Abstract

Dung beetles are increasingly used as a study taxon—both as bioindicators of environmental change, and as a model system for exploring ecosystem functioning. The advantages of this focal taxon approach are many; dung beetles are abundant in a wide range of terrestrial ecosystems, speciose, straightforward to sample, respond to environmental gradients and can be easily manipulated to explore species-functioning relationships. However, there remain large gaps in our understanding of the relationship between dung beetles and the mammals they rely on for dung. Here we review the literature, showing that despite an increase in the study of dung beetles linked to ecosystem functioning and to habitat and land use change, there has been little research into their associations with mammals.

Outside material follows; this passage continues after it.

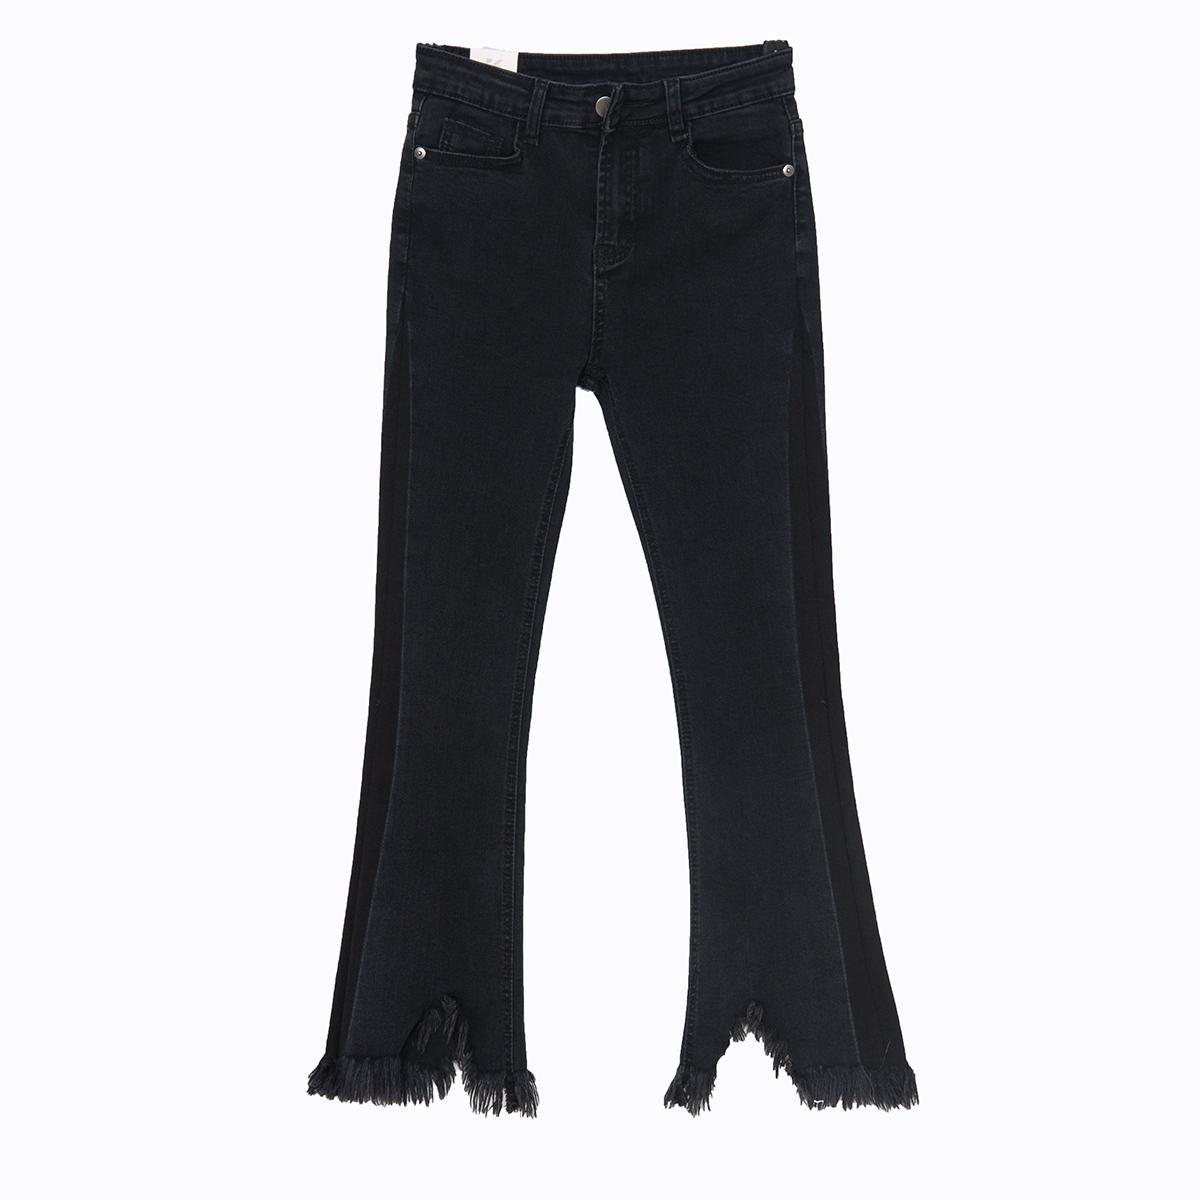 ... Flash Sale Korea perempuan warna mantra yang tidak teratur tanduk celana panjang pinggang tinggi celana jeans
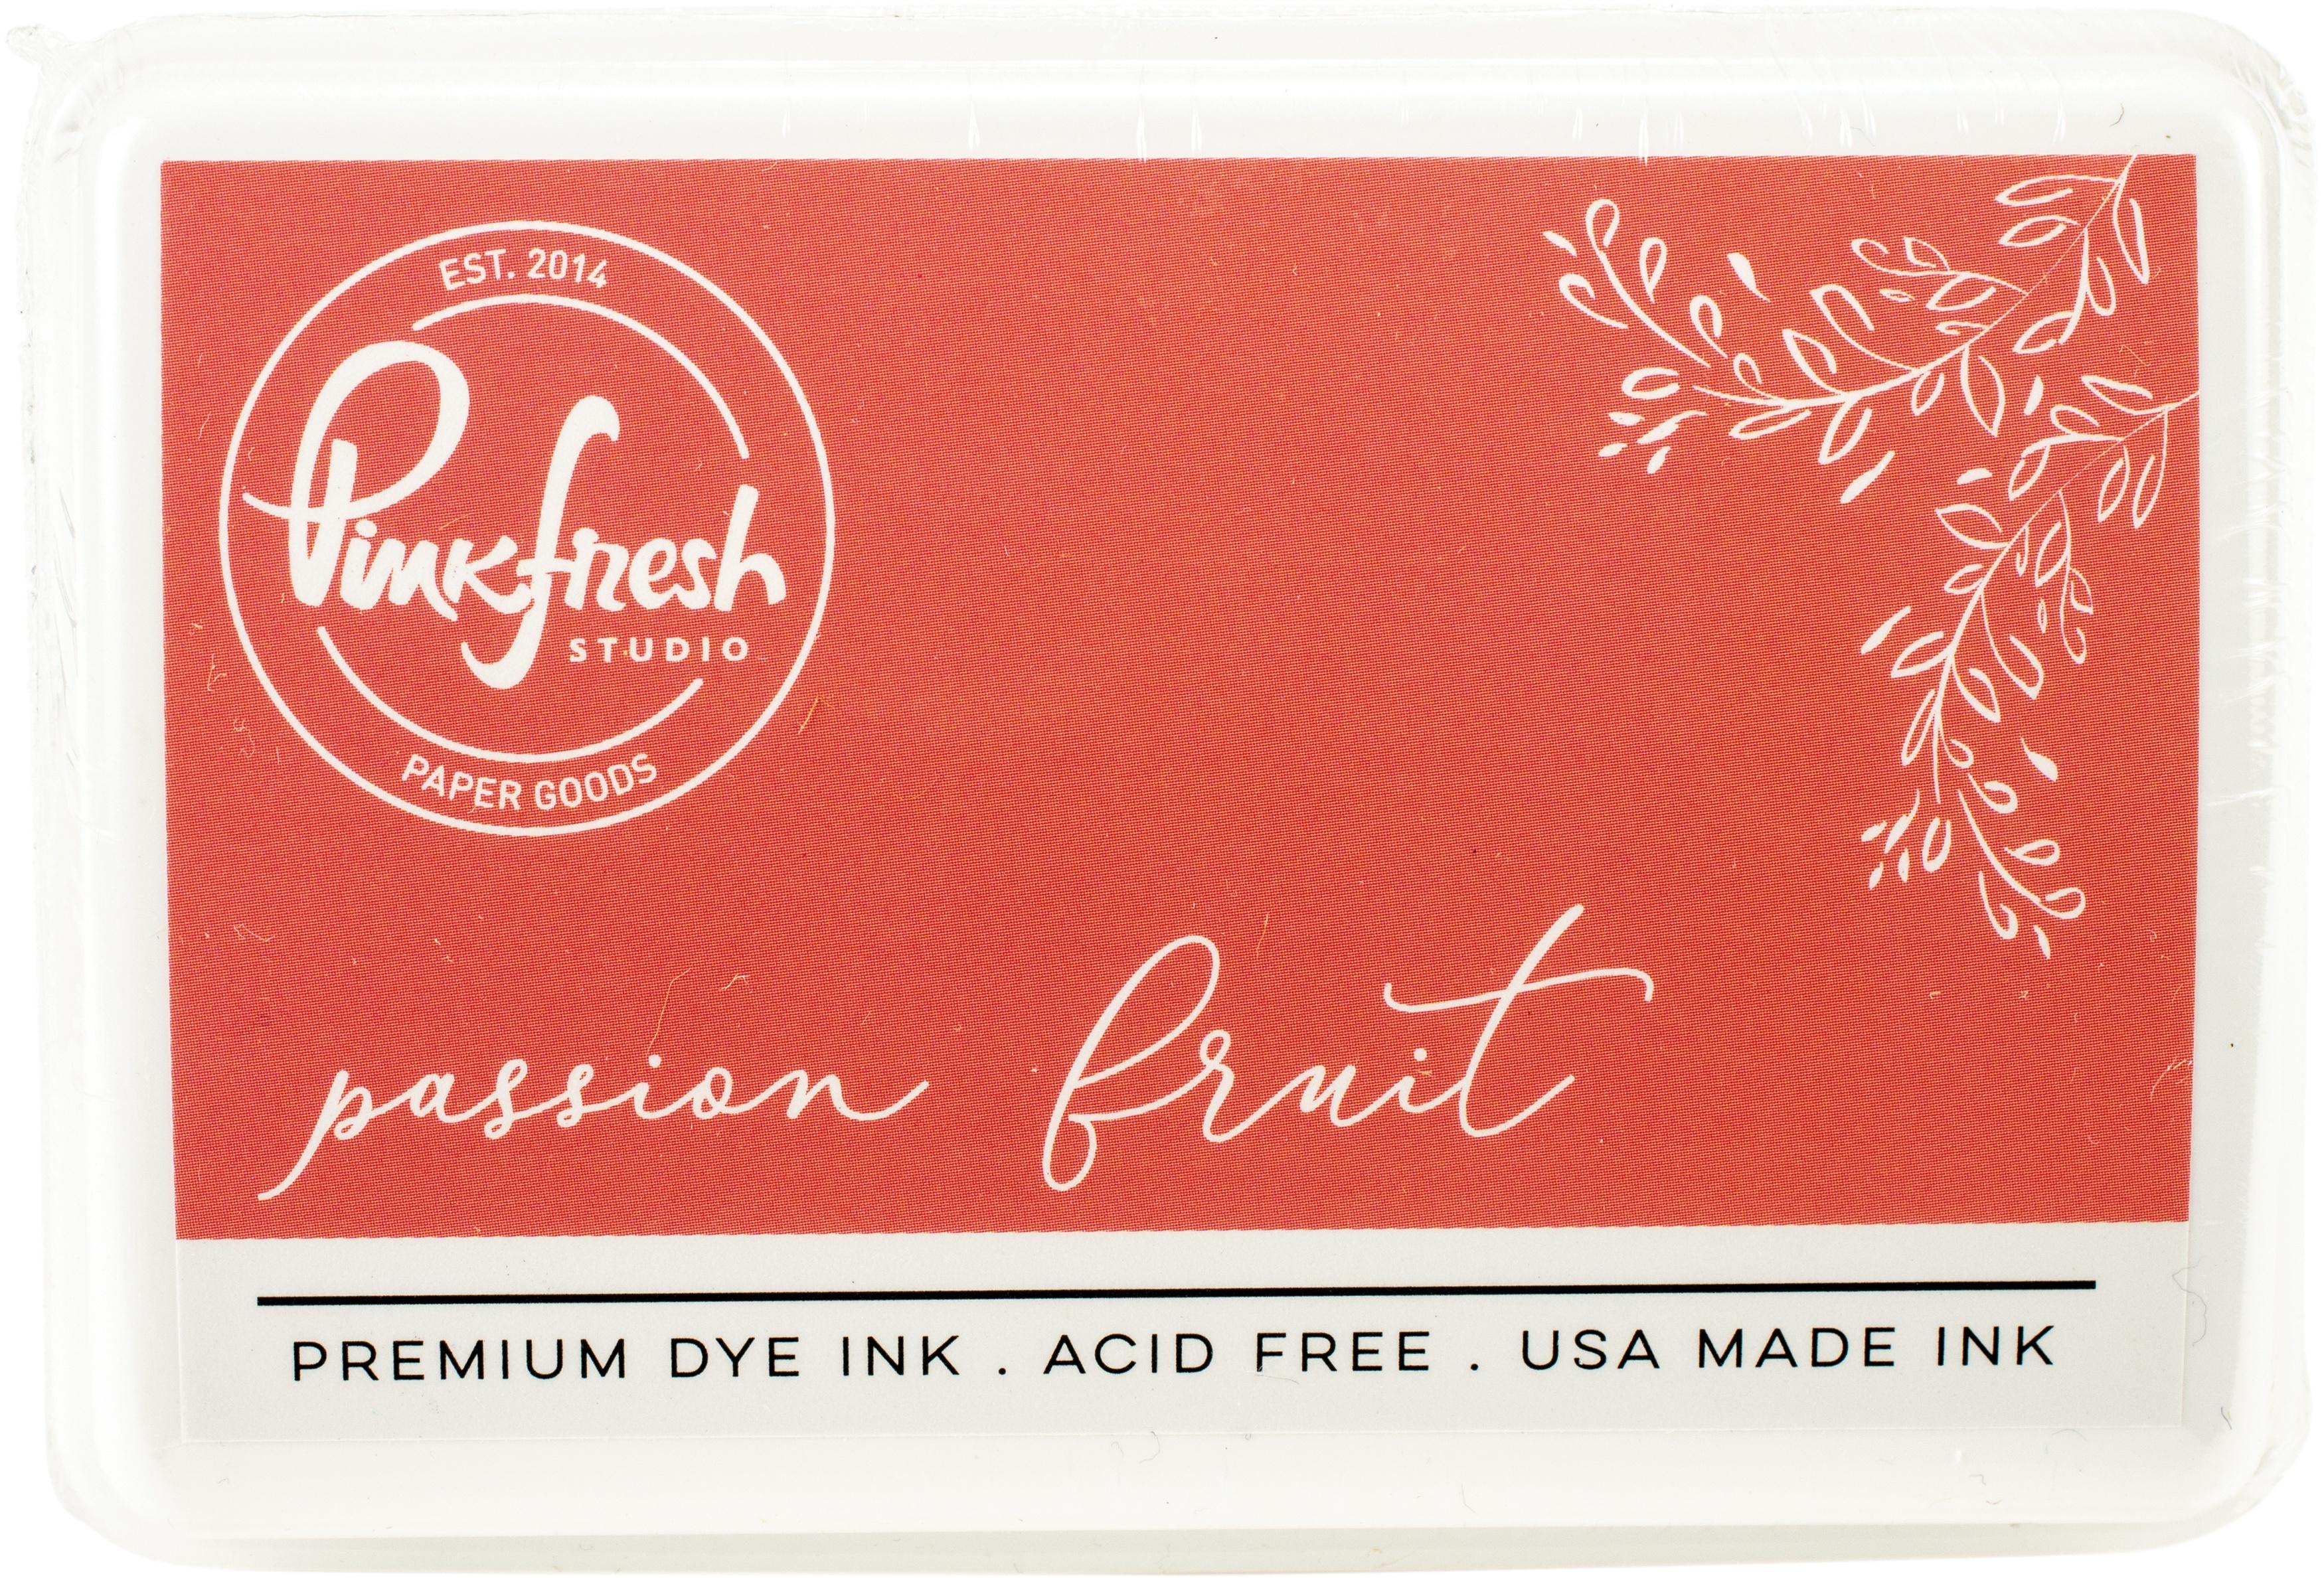 PinkFresh - Premium Dye Ink Pad - Passion Fruit

We summarize the methods and findings from dung beetle–mammal association studies to date, revealing that although empirical field studies of dung beetles rarely include mammal data, those that do, indicate mammal species presence and composition has a large impact on dung beetle species richness and abundance. We then review the methods used to carry out diet preference and ecosystem functioning studies, finding that despite the assumption that dung beetles are generalist feeders, there are few quantitative studies that directly address this. Together this suggests that conclusions about the effects of habitat change on dung beetles are based on incomplete knowledge. We provide recommendations for future work to identify the importance of considering mammal data for dung beetle distributions, composition and their contributions to ecosystem functioning; a critical step if dung beetles are to be used as a reliable bioindicator taxon.

Highlights

  • Indicator species are often used as a more efficient way to assess ecosystem integrity than sampling a large number of taxa [1]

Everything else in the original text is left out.